[Start of Attachment]
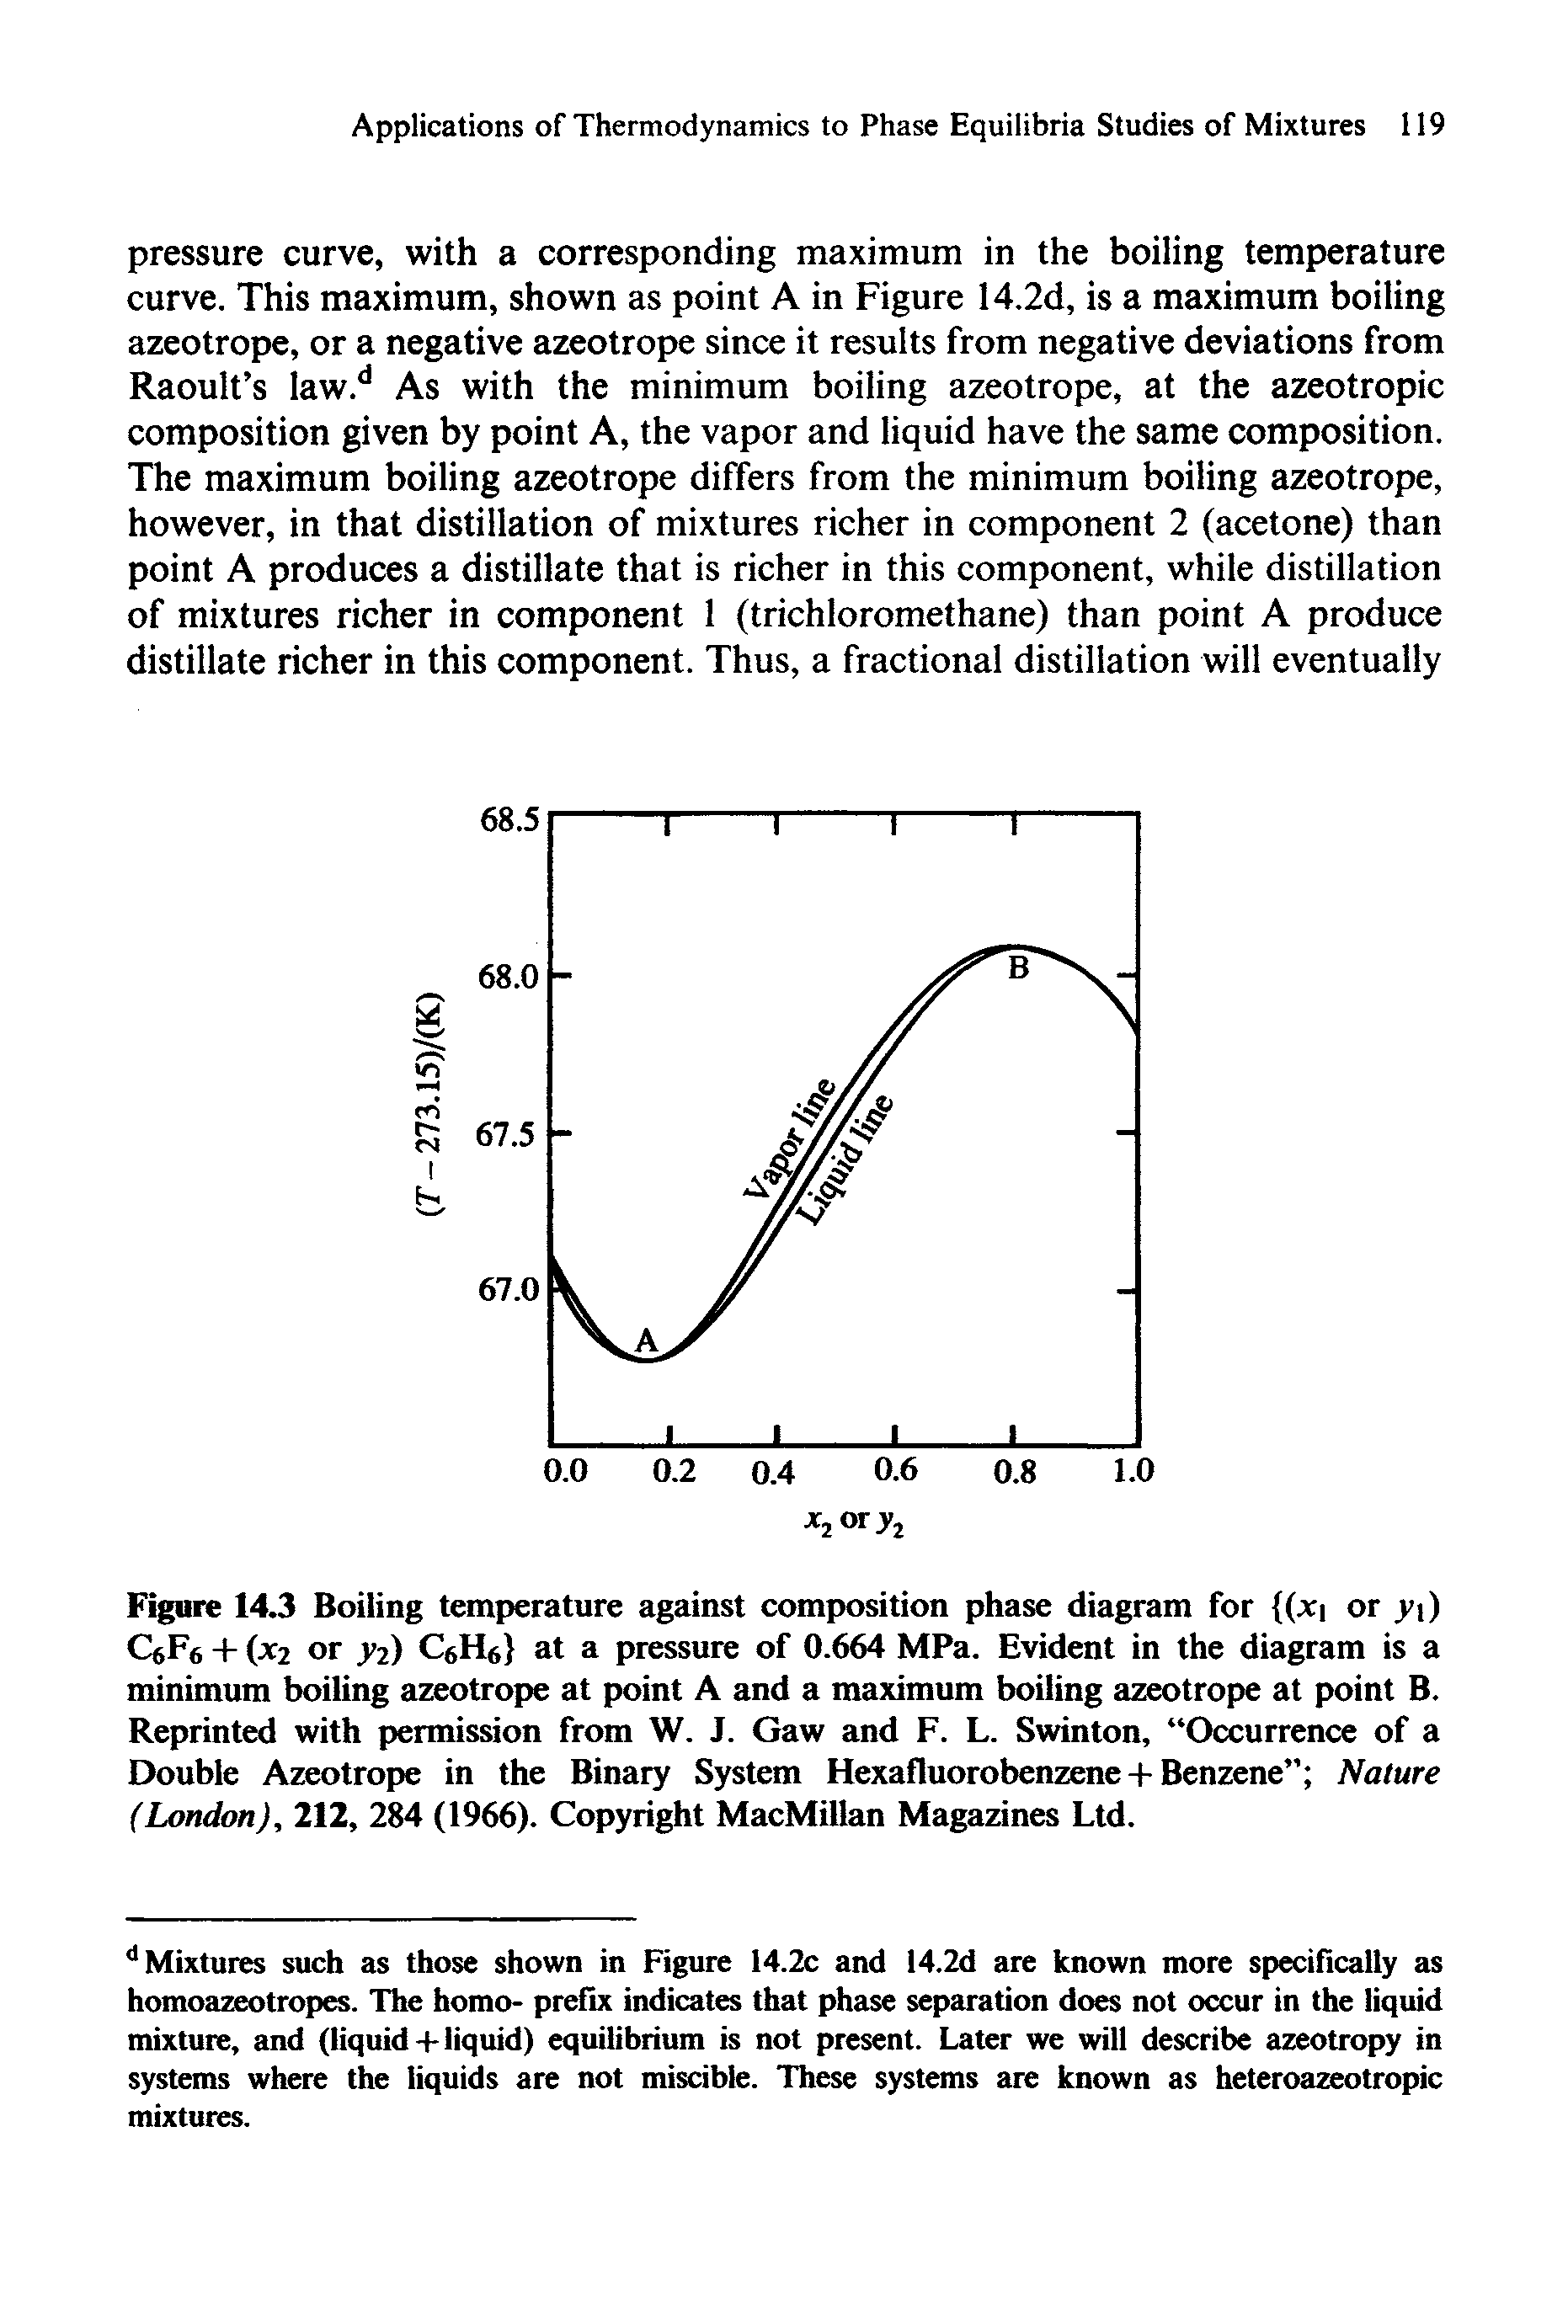 Figure 14.3 Boiling temperature against composition phase diagram for (xi or yi) C6F6 + (jt2 or y ) Cgf at a pressure of 0.664 MPa. Evident in the diagram is a minimum boiling azeotrope at point A and a maximum boiling azeotrope at point B. Reprinted with permission from W. J. Gaw and F. L. Swinton, Occurrence of a Double Azeotrope in the Binary System Hexafluorobenzene + Benzene Nature (London), 212, 284 (1966). Copyright MacMillan Magazines Ltd.
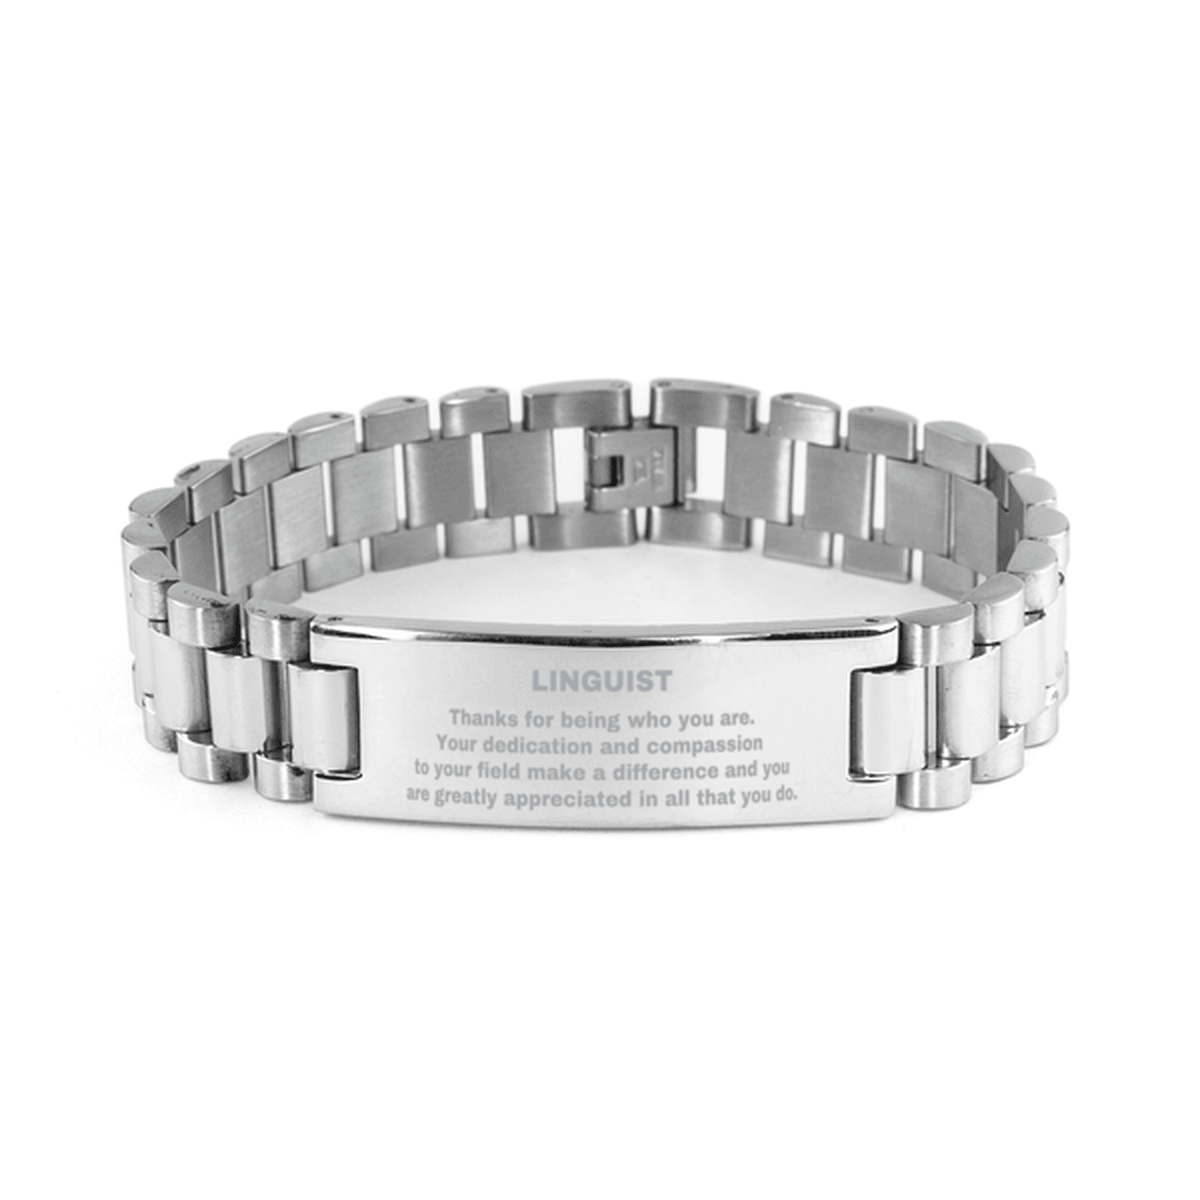 Linguist Ladder Stainless Steel Engraved Bracelet - Thanks for being who you are - Birthday Christmas Jewelry Gifts Coworkers Colleague Boss - Mallard Moon Gift Shop
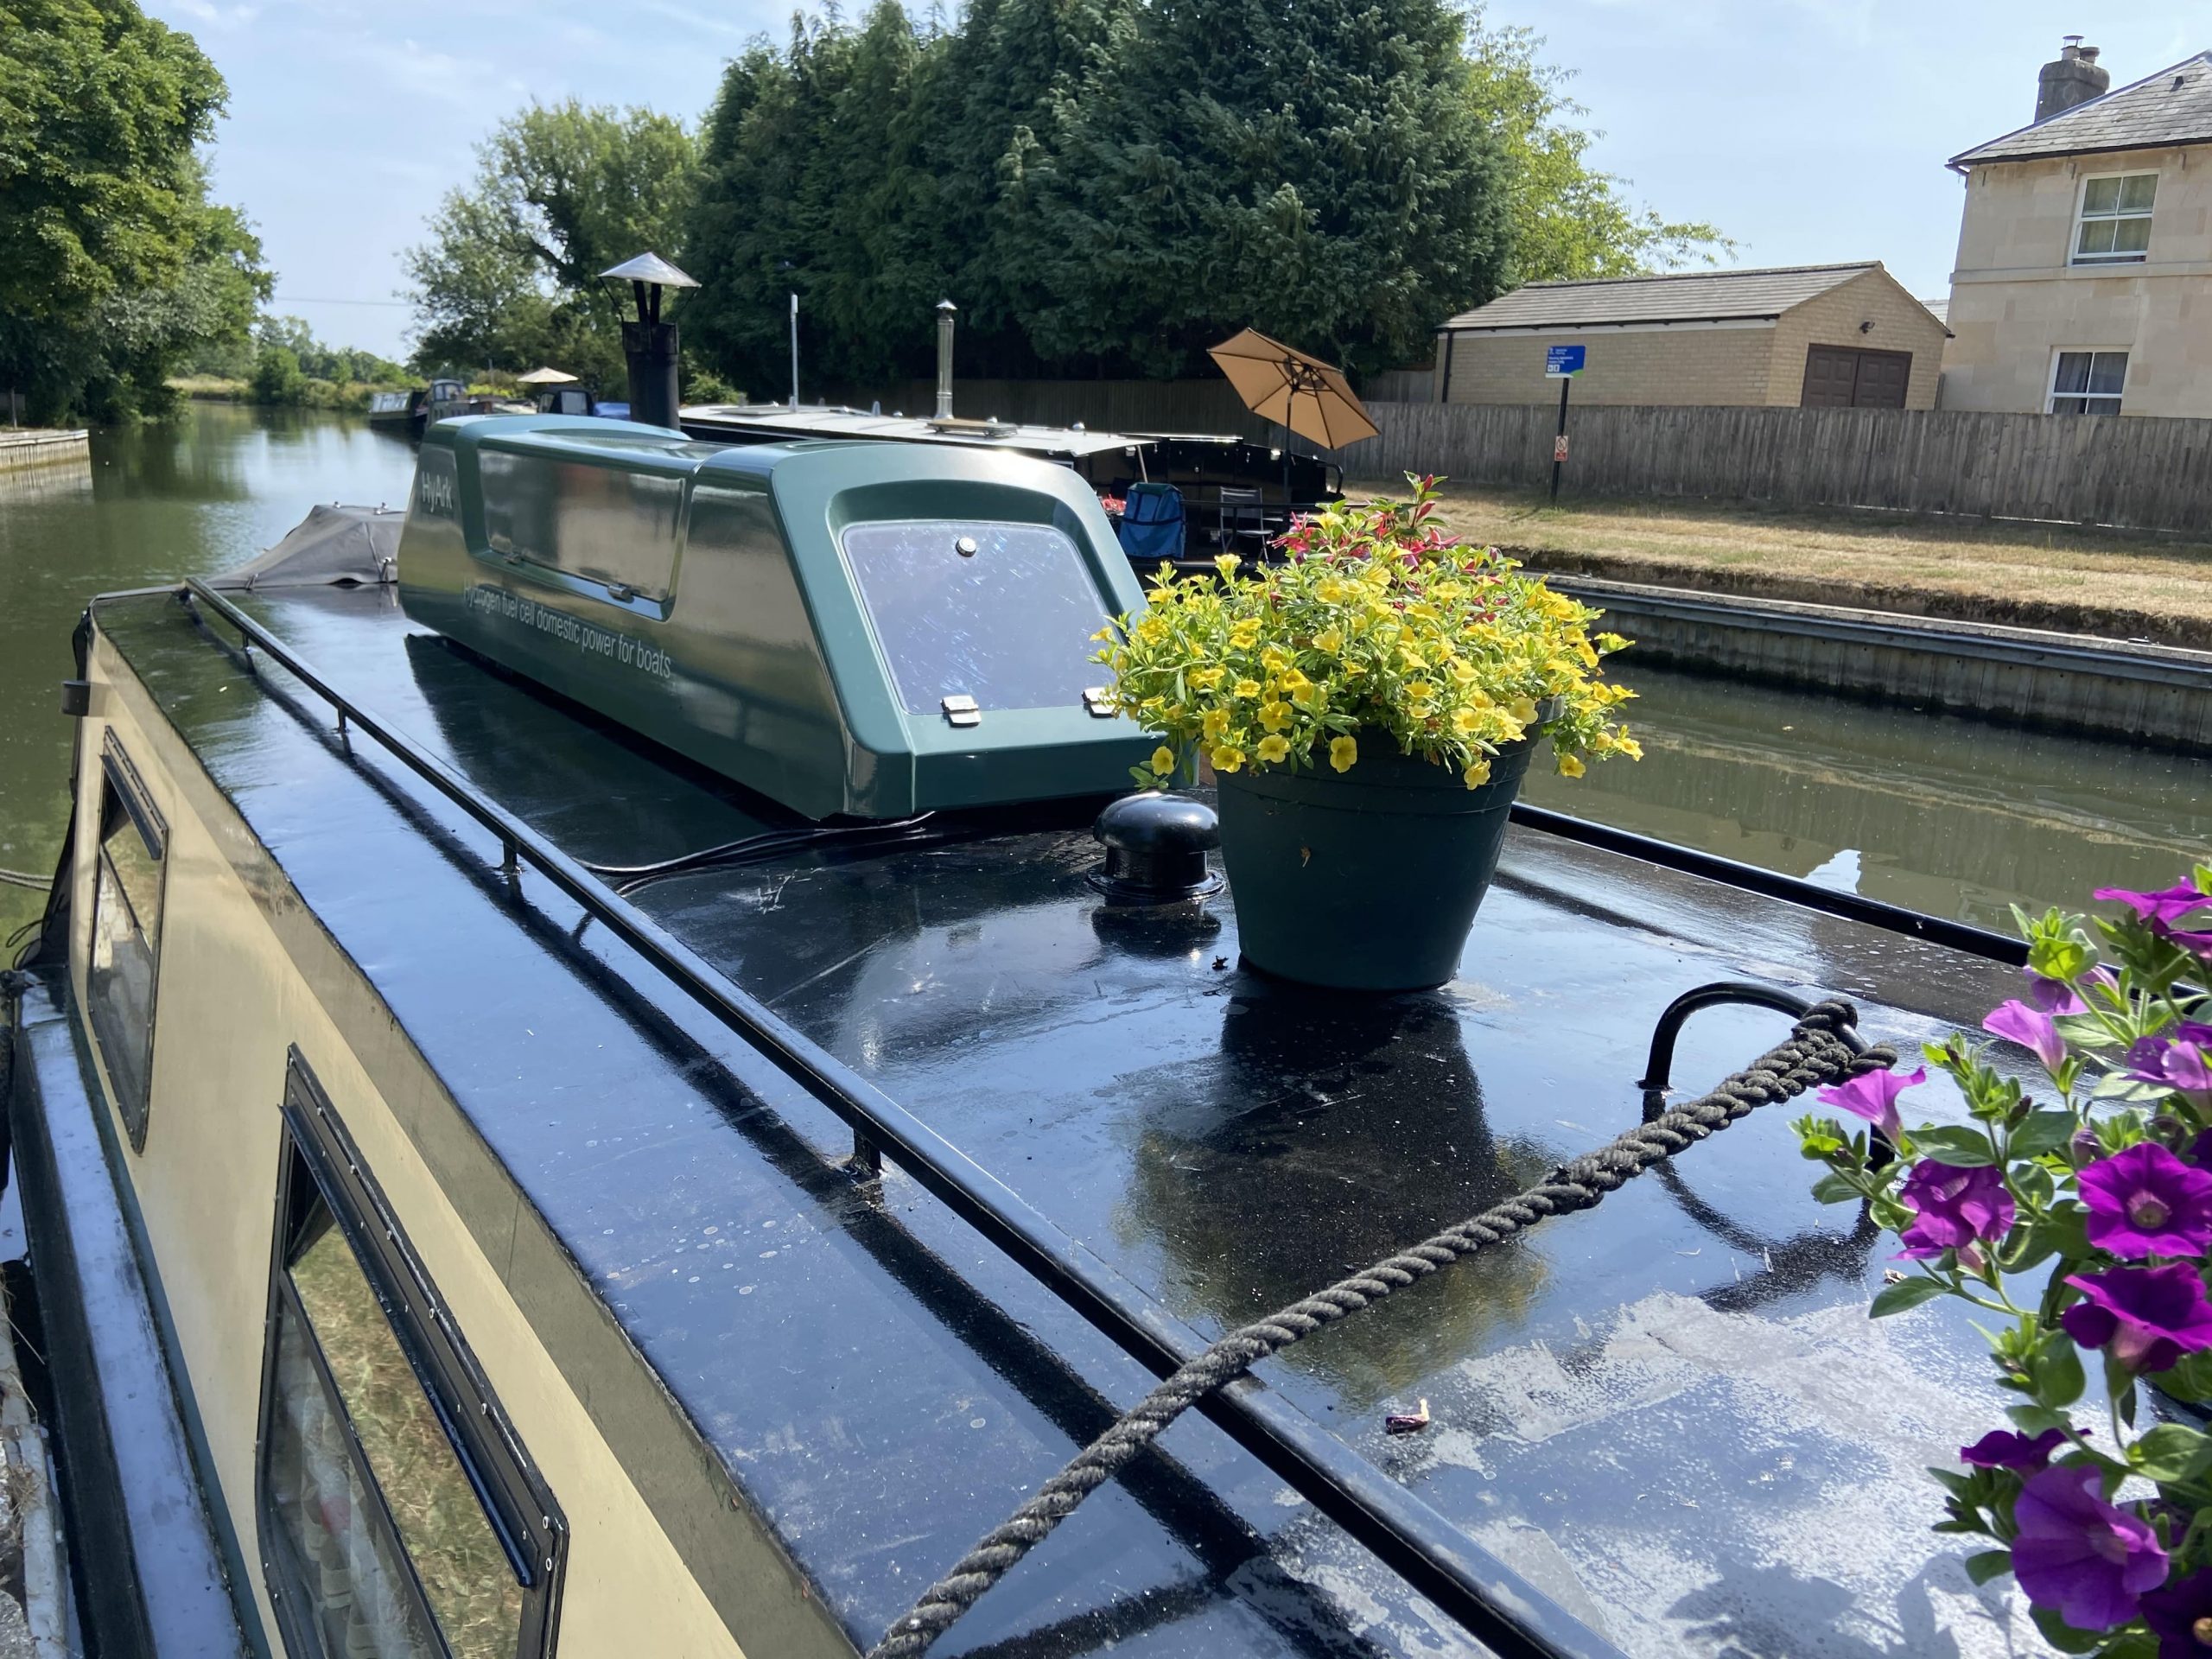 BOC: Powering Narrowboats with Hydrogen
[End of Attachment]
## Goal of the exercise:
Restate the data word for word without pictures.

## Completed exercise:
 Figure 14.3 Boiling temperature against composition phase diagram for (xi or yi) C6F6 + (jt2 or y ) Cgf at a pressure of 0.664 MPa. Evident in the diagram is a minimum boiling azeotrope at point A and a maximum boiling azeotrope at point B. Reprinted with permission from W. J. Gaw and F. L. Swinton, Occurrence of a Double Azeotrope in the Binary System Hexafluorobenzene + Benzene Nature (London), 212, 284 (1966). Copyright MacMillan Magazines Ltd.
 Linguist Ladder Stainless Steel Engraved Bracelet - Thanks for being who you are - Birthday Christmas Jewelry Gifts Coworkers Colleague Boss - Mallard Moon Gift Shop
 BOC: Powering Narrowboats with Hydrogen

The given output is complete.